While the vote in support of the SEIS is an important step, the FAA is not bound to honor that vote. And even if it does, it could be years before any meaningful relief is provided – and that will most likely be in the form of a new noise contour map that would increase the number of homes and buildings entitled to soundproofing. And, if we’re lucky, it might also promote an increased implementation of the “Fly Quiet” program.

And you can bet Chicago will fight tooth and nail to keep O’Hare cranking at full capacity.  Because of the mess he inherited from Daley, Rahm needs every penny he can squeeze out of anything that moves…or sits still for too long.

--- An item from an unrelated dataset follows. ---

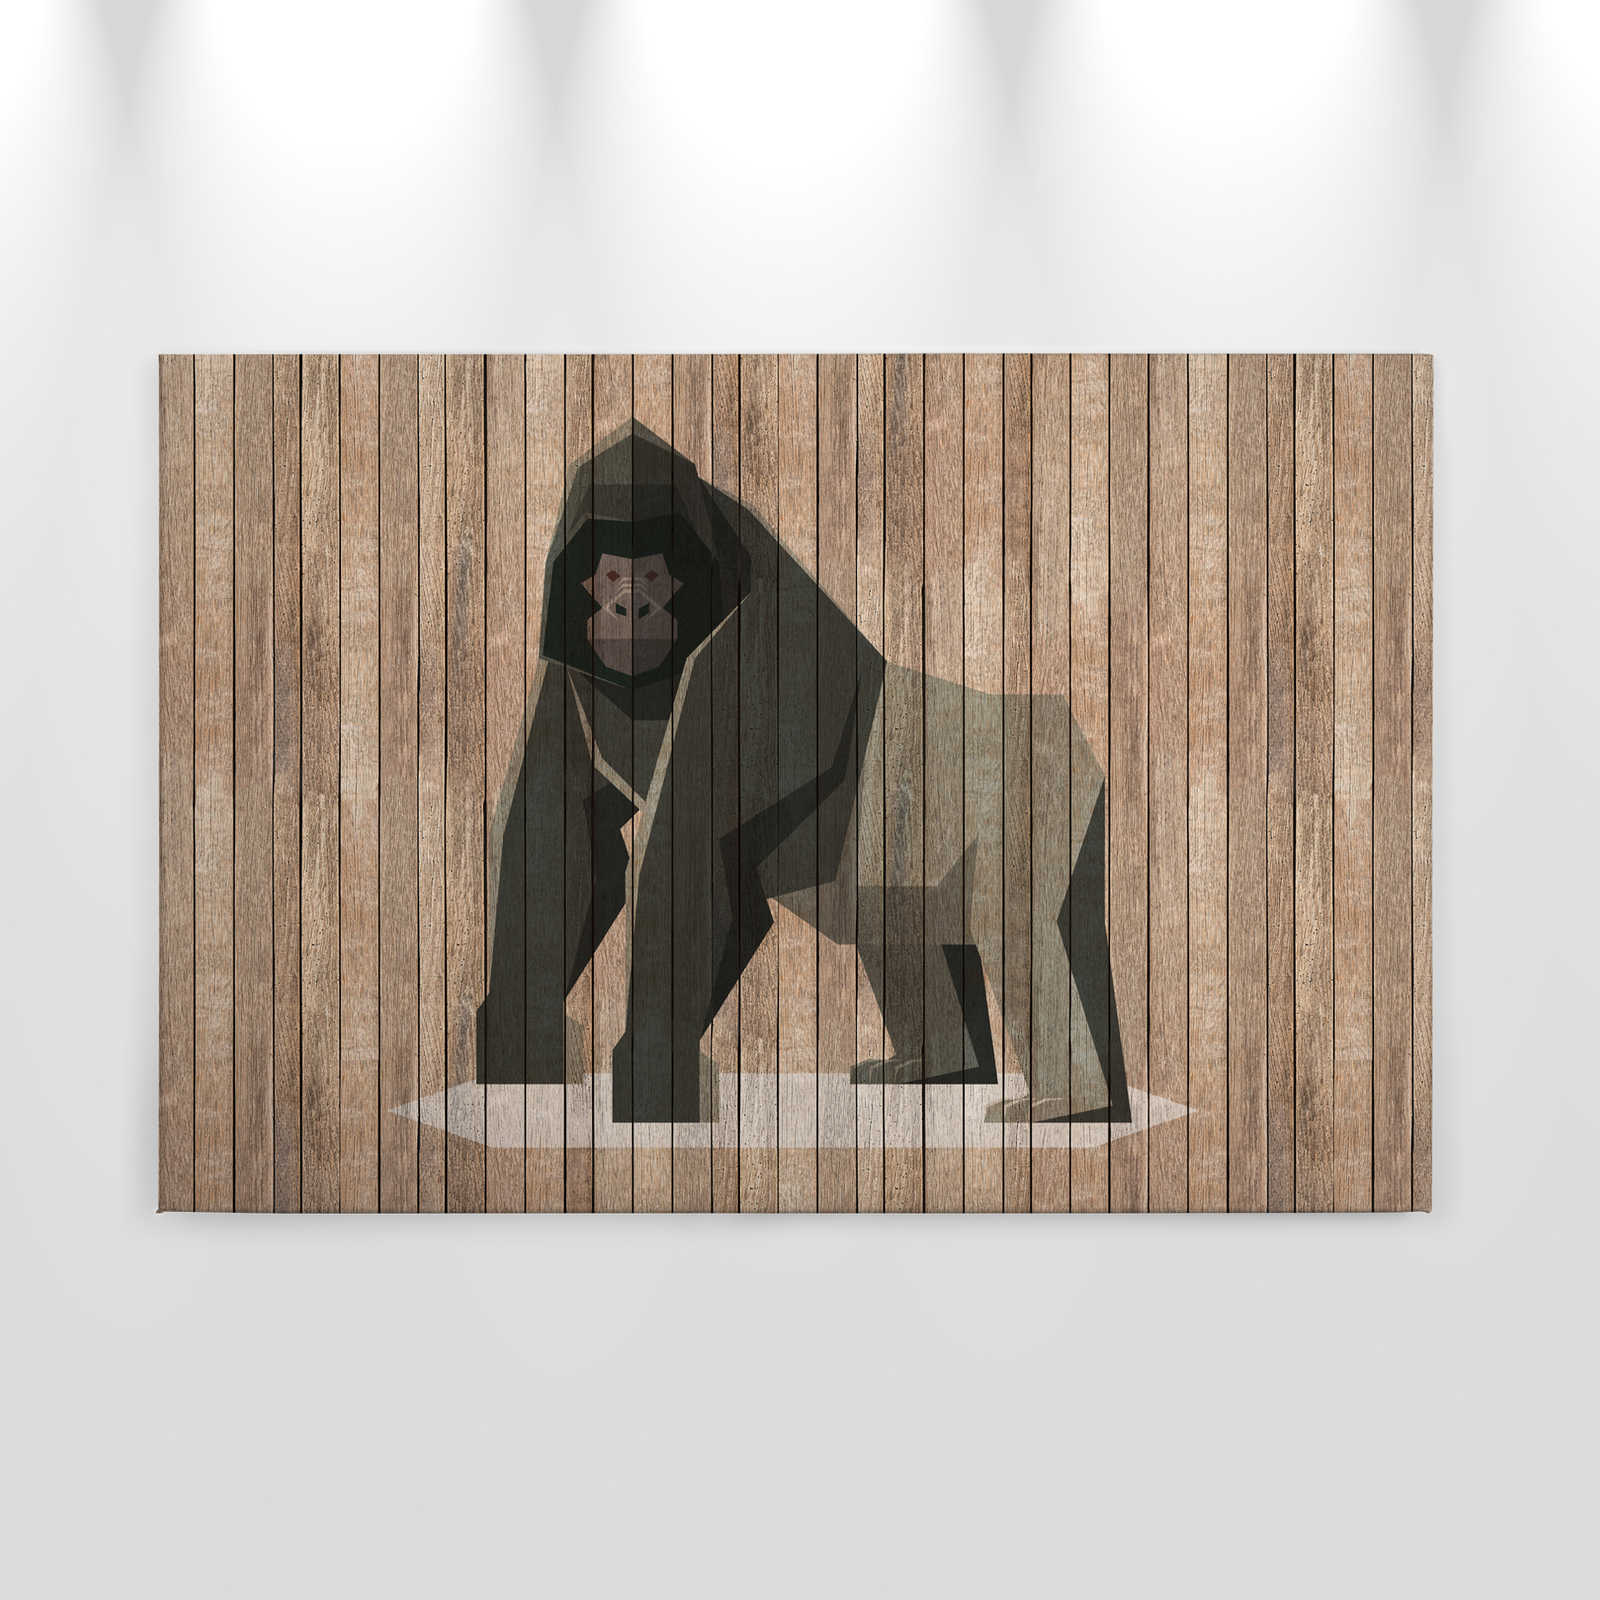             Born to Be Wild 3 - Cuadro Gorila sobre tabla pared - Paneles de madera Ancho - 0.90 m x 0.60 m

Nevertheless, Mayor Dave Schmidt’s jaw-boning of the ONCC to vote in support of the SEIS is something. And it validates the decision of the City Council to look for political solutions to what is a political problem, rather than spend tens/hundreds of thousands of dollars on litigation with little-to-no chancce of gaining any better result.

Meanwhile, the best chance we have for noise relief continues to be the airlines’ modernization of their fleets by replacing the noisiest jets – currently the MD80s – with newer, quieter jets. Expediting those upgrades is where a caucus like the one Congressman Quigley helped form might be able to exert some influence that’s not in Park Ridge’s or any other community’s tool box.  But, once again, don’t expect that to happen overnight – if at all – because Chicago is too big to fail.  And so are the airlines, at least to those elected officials who count on them for campaign contributions and jobs in their districts.

We’ve still got a long way to go. But last week was easily the best one Park Ridge has had in years when it comes to dealing with O’Hare noise.

And it cost Park Ridge taxpayers next to nothing.